■ PROBLEM TO SOLVE
Once you find the line containing "Tous Straight disc" in the data below, copy it and each following line exactly, up to and including the line containing "Stop Stressing Over Shitty People Sweatshirt", and nothing else.

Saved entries
Segment Open
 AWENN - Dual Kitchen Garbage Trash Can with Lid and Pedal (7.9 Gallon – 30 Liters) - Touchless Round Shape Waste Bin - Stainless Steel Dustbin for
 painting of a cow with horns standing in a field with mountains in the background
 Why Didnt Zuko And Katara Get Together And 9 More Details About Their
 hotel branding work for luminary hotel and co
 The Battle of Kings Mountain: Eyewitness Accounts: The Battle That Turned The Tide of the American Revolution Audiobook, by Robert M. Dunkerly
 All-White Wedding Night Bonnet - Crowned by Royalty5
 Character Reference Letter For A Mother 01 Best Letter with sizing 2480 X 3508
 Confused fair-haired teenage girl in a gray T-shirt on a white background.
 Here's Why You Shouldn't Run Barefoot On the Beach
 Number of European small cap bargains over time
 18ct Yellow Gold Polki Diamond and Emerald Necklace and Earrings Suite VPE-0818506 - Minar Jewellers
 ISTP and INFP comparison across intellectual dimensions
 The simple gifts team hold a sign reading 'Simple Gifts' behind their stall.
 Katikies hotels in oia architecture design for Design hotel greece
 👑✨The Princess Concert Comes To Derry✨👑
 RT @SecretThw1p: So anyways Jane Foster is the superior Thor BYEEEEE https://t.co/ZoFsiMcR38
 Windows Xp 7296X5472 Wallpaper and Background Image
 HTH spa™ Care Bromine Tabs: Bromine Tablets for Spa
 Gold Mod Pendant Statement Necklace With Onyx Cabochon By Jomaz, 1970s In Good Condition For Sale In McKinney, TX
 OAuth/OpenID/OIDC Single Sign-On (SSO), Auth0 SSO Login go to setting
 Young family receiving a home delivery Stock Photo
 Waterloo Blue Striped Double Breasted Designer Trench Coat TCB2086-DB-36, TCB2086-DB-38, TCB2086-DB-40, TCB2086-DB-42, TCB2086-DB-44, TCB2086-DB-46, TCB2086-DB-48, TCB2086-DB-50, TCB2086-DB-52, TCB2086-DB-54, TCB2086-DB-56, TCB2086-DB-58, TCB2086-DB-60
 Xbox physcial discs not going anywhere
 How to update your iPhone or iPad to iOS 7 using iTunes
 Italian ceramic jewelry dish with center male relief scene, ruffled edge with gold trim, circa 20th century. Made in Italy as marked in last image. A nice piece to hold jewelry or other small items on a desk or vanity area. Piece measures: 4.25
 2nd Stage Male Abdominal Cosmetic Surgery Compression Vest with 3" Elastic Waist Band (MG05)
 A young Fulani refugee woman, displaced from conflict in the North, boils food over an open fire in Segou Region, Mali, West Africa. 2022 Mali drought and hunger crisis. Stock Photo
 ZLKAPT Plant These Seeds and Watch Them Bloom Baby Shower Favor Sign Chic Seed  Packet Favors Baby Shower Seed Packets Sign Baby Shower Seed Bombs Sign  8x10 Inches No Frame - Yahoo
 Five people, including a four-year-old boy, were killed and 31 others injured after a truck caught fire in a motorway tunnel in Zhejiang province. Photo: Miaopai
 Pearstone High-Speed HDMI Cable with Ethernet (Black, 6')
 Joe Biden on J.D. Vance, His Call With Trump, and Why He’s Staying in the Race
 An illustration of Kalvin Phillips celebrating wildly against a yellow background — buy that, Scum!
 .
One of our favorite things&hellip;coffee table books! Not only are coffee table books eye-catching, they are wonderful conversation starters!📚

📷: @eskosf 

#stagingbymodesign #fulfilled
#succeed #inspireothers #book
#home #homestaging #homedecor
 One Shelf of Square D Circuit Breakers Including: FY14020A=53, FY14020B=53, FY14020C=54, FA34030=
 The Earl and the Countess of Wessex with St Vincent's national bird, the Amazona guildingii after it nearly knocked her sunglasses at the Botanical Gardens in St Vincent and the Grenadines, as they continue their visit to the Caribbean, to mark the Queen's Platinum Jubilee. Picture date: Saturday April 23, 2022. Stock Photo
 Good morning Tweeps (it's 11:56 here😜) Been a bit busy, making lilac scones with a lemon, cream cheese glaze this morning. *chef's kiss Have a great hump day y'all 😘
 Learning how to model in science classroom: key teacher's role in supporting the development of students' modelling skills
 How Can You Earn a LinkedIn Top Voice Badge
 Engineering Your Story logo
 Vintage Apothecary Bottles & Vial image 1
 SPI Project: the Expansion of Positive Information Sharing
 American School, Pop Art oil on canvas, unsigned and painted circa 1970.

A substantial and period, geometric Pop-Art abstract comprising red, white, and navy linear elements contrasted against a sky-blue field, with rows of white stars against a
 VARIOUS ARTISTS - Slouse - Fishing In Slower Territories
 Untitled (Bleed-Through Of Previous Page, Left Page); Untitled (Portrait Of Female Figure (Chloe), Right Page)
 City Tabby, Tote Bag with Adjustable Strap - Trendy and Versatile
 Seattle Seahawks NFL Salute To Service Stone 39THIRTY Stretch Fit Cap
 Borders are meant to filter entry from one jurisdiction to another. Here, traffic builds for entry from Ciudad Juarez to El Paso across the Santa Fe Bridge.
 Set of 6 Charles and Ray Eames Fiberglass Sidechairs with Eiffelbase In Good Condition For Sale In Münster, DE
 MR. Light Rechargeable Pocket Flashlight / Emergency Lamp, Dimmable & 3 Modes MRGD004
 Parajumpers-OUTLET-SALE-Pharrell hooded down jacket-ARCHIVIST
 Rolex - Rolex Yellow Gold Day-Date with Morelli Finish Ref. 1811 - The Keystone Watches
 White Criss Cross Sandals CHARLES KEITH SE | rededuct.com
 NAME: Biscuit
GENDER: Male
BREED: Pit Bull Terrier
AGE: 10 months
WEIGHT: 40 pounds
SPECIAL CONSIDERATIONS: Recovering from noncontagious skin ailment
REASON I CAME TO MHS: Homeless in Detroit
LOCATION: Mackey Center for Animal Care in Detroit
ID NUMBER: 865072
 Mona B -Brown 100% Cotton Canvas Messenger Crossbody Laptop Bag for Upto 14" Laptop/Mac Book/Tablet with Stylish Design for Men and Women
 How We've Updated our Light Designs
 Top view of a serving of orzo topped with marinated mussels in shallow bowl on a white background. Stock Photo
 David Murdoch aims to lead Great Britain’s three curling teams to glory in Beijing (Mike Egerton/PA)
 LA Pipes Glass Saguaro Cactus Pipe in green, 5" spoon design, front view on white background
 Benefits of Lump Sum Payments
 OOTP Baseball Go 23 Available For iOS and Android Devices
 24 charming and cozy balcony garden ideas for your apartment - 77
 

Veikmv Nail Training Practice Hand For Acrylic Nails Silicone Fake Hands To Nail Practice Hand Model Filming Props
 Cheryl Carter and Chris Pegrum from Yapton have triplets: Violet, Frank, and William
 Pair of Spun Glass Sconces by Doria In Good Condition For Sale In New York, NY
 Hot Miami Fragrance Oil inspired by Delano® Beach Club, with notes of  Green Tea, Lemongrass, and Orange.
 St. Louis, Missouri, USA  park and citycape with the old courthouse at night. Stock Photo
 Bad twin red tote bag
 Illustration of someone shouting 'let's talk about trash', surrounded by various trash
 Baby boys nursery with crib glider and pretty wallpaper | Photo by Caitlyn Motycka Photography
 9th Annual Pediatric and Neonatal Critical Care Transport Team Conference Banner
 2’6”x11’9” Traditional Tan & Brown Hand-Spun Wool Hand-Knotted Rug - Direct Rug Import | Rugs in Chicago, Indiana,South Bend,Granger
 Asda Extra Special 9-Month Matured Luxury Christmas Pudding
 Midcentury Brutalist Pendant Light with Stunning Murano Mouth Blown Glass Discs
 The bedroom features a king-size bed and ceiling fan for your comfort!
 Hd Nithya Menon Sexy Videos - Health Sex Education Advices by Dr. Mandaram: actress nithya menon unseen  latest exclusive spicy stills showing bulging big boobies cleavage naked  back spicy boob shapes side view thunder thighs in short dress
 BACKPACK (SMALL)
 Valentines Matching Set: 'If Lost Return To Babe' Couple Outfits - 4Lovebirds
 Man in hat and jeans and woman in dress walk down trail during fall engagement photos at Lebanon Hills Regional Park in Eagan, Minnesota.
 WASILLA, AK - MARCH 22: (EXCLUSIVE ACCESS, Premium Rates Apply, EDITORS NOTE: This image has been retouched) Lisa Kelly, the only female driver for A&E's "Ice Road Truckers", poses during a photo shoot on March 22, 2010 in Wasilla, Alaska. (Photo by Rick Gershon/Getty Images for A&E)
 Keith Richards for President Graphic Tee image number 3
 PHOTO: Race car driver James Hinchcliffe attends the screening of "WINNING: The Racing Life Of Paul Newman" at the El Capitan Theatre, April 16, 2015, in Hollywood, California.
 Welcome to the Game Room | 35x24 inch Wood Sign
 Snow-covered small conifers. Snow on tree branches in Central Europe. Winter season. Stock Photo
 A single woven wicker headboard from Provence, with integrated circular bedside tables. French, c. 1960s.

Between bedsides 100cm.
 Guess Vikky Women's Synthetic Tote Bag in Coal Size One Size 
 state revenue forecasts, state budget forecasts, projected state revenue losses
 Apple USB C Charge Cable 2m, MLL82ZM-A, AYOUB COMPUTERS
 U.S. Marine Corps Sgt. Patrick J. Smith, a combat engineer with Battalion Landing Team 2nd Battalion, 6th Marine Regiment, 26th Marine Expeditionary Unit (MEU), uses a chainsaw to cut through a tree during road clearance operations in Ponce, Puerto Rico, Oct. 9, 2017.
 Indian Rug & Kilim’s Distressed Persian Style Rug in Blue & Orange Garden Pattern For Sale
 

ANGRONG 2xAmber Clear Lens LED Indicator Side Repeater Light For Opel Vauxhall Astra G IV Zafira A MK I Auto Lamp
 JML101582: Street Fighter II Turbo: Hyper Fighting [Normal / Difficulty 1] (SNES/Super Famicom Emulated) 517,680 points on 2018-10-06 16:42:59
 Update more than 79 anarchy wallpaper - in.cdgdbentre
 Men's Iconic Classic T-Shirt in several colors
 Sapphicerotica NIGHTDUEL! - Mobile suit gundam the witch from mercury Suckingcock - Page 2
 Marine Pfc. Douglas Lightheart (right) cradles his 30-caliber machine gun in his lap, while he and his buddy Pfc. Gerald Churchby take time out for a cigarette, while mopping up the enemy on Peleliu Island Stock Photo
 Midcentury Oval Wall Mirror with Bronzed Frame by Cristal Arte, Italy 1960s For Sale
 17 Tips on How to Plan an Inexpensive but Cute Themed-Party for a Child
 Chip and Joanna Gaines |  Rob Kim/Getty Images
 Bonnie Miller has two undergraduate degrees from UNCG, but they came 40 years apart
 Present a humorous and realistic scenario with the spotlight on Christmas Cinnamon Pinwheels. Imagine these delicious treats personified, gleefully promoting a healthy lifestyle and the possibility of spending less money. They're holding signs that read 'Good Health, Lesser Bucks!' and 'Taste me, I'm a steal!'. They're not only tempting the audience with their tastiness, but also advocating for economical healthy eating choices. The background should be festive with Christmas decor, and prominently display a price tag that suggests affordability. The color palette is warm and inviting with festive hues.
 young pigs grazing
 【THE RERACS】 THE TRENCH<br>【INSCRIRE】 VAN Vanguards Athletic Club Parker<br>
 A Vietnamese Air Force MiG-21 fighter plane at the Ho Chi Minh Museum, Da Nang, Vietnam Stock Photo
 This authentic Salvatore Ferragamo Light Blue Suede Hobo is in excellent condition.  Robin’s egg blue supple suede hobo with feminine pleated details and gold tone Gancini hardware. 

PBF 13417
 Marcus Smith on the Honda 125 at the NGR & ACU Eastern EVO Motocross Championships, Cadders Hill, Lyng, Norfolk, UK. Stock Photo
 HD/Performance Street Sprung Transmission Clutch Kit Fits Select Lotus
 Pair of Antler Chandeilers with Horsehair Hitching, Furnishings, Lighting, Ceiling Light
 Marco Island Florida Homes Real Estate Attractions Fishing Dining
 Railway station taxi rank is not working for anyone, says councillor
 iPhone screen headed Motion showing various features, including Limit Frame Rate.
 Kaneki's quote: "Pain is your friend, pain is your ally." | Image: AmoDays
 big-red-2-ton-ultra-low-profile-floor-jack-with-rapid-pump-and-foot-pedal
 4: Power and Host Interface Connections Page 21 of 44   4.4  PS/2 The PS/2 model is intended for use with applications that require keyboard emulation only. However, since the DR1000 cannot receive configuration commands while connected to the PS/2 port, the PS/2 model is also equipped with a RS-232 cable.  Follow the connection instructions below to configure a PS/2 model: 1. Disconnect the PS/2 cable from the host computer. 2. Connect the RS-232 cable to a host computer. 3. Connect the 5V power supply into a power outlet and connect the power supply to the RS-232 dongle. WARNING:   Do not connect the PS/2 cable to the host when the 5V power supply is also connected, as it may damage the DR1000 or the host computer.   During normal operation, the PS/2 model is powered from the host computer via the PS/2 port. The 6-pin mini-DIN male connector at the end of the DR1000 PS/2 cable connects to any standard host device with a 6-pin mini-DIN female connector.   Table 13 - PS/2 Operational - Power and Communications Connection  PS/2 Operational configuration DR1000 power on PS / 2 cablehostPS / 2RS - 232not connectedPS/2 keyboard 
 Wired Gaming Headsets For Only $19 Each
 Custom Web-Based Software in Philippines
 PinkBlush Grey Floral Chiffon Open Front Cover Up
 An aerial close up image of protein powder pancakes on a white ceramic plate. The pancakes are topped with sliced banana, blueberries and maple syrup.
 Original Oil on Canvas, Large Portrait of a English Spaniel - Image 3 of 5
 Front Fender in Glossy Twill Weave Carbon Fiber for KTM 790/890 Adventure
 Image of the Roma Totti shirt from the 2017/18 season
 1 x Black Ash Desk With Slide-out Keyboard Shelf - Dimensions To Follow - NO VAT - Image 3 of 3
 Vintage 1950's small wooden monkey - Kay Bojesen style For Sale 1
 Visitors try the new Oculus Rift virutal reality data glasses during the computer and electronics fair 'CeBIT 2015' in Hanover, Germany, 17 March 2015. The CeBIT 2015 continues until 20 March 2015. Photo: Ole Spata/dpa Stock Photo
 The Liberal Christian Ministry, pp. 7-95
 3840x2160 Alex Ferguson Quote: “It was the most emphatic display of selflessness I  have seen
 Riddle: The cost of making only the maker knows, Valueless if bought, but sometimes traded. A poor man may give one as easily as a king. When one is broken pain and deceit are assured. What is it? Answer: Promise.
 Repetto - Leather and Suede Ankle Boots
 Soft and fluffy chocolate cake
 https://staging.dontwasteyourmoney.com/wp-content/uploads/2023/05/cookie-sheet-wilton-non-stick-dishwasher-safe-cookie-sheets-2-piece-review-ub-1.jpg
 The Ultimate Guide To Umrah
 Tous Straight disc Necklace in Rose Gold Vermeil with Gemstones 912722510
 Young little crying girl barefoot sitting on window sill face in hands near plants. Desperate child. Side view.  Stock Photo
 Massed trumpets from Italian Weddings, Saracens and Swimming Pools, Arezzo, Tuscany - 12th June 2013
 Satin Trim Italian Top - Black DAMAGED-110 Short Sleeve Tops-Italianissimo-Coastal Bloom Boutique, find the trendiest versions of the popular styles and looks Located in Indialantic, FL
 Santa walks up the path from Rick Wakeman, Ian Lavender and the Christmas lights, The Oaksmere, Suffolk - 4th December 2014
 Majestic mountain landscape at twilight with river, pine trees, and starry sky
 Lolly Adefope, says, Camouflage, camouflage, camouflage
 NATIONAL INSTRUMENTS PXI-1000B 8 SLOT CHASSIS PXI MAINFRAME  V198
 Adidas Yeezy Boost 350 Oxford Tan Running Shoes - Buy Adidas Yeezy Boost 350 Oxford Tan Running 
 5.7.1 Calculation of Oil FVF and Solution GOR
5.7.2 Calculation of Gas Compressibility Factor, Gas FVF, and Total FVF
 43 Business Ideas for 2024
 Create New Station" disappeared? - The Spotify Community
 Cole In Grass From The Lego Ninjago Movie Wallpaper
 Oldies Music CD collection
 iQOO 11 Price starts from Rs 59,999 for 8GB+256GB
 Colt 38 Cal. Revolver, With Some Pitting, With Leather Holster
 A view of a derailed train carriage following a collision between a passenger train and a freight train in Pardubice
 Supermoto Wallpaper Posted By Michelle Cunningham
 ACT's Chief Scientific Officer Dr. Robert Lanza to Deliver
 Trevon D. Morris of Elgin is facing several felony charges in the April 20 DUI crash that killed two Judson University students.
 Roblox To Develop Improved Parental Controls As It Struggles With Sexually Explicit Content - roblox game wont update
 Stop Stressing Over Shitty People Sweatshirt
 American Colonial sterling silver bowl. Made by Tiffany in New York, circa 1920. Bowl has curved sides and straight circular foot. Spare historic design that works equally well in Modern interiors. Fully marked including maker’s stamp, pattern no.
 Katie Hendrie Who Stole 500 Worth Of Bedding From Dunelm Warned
Segment Closed
■ EXERCISE OUTPUT
 Tous Straight disc Necklace in Rose Gold Vermeil with Gemstones 912722510
 Young little crying girl barefoot sitting on window sill face in hands near plants. Desperate child. Side view.  Stock Photo
 Massed trumpets from Italian Weddings, Saracens and Swimming Pools, Arezzo, Tuscany - 12th June 2013
 Satin Trim Italian Top - Black DAMAGED-110 Short Sleeve Tops-Italianissimo-Coastal Bloom Boutique, find the trendiest versions of the popular styles and looks Located in Indialantic, FL
 Santa walks up the path from Rick Wakeman, Ian Lavender and the Christmas lights, The Oaksmere, Suffolk - 4th December 2014
 Majestic mountain landscape at twilight with river, pine trees, and starry sky
 Lolly Adefope, says, Camouflage, camouflage, camouflage
 NATIONAL INSTRUMENTS PXI-1000B 8 SLOT CHASSIS PXI MAINFRAME  V198
 Adidas Yeezy Boost 350 Oxford Tan Running Shoes - Buy Adidas Yeezy Boost 350 Oxford Tan Running 
 5.7.1 Calculation of Oil FVF and Solution GOR
5.7.2 Calculation of Gas Compressibility Factor, Gas FVF, and Total FVF
 43 Business Ideas for 2024
 Create New Station" disappeared? - The Spotify Community
 Cole In Grass From The Lego Ninjago Movie Wallpaper
 Oldies Music CD collection
 iQOO 11 Price starts from Rs 59,999 for 8GB+256GB
 Colt 38 Cal. Revolver, With Some Pitting, With Leather Holster
 A view of a derailed train carriage following a collision between a passenger train and a freight train in Pardubice
 Supermoto Wallpaper Posted By Michelle Cunningham
 ACT's Chief Scientific Officer Dr. Robert Lanza to Deliver
 Trevon D. Morris of Elgin is facing several felony charges in the April 20 DUI crash that killed two Judson University students.
 Roblox To Develop Improved Parental Controls As It Struggles With Sexually Explicit Content - roblox game wont update
 Stop Stressing Over Shitty People Sweatshirt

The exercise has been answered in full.